Patients  The initial diagnosis in this consecutive series of patients with shoulder girdle tumors requiring the Tikhoff-Linberg procedure was chondrosarcoma in 7 patients, Ewing sarcoma in 3 patients, malignant fibrous histiocytoma in 3 patients, solitary metastasis of thyroid carcinoma in 2 patients, osteosarcoma, synovial sarcoma, angiosarcoma, and neurofibrosarcoma in 1 patient each. According to the Musculoskeletal Tumor Society staging system, there were 6 in surgical stage IB, 10 in stage IIB, and 3 in stage III. Nine tumors involved the proximal humerus, 8 were located in the scapula or surrounding soft tissues, 1 in the lateral clavicle, and 1 in the acromioclavicular joint.

Interventions  For reconstruction of the proximal humerus after en bloc tumor resection an isoelastic cemented shoulder tumor prosthesis was inserted in every patient to restore arm length.

Main Outcome Measures  Complications, and oncological and intermediate-term functional results.
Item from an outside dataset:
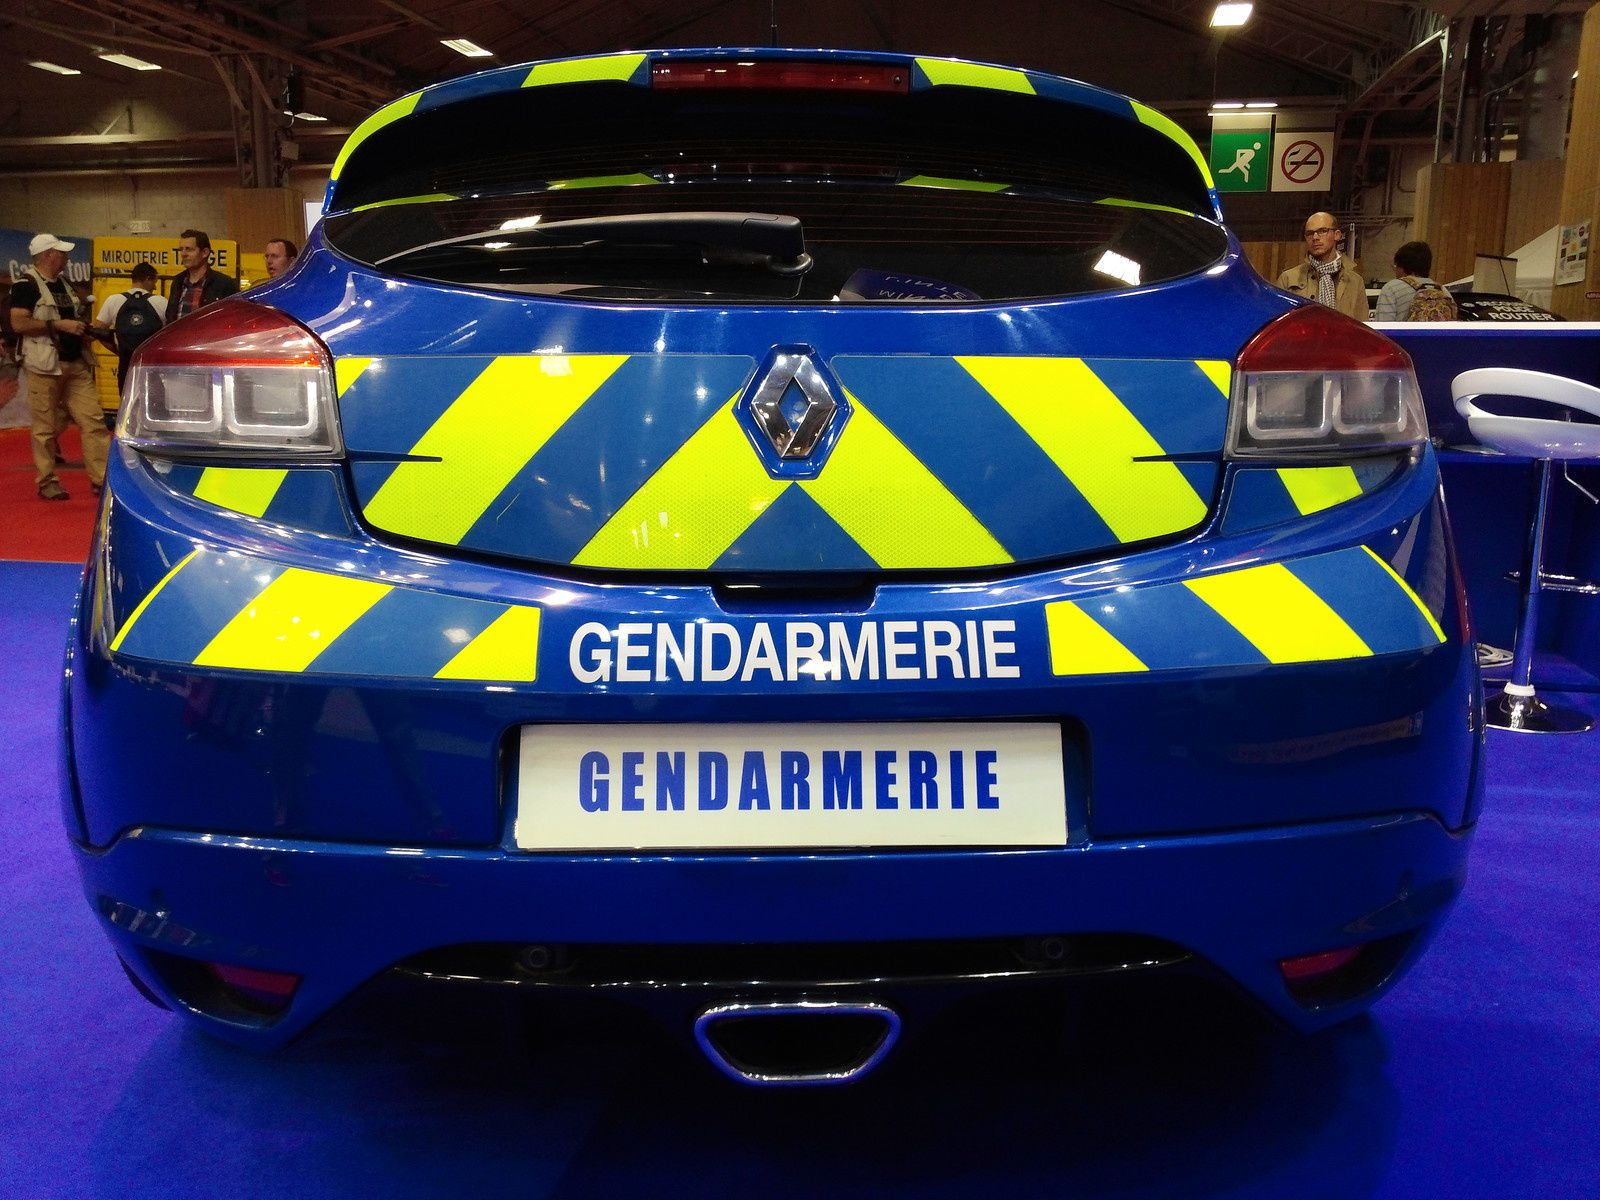 Voiture d'intervention de la Gendarmerie -  Mégane Renault Sport - puissance 260cv - 255km/h - du 0 à 100km/h en 5.9 secondes . . . .  Vous aurez été au moins prévenus &#x3B;-)

Results  Twelve patients were alive with no evidence of disease. One of these patients died of nontumorous disease 2 years after surgery. One patient is alive with pulmonary metastases after 12 months. Six patients died of metastases at a mean (SD) interval of 18 months (range, 3-35 months) postoperatively. Two of these patients had additional local recurrence. A deep infection necessitated the explantation of the prosthesis in 1 patient. The mean functional score and SD according to the rating system of the Musculoskeletal Tumor Society was 72%±14% (range, 33%-87%) for the 12 surviving patients evaluated. Major complications (1 infection and 2 local recurrences) that may be attributed to the procedure occurred in 3 of the 19 patients.

Conclusion  Despite an overall complication rate of 74% the Tikhoff-Linberg procedure proved to be a valuable surgical procedure for extended tumors of the shoulder girdle for functional and oncological outcome and is superior to forequarter amputation.


From the Department of Trauma Surgery, University Hospital Essen, Essen, Germany.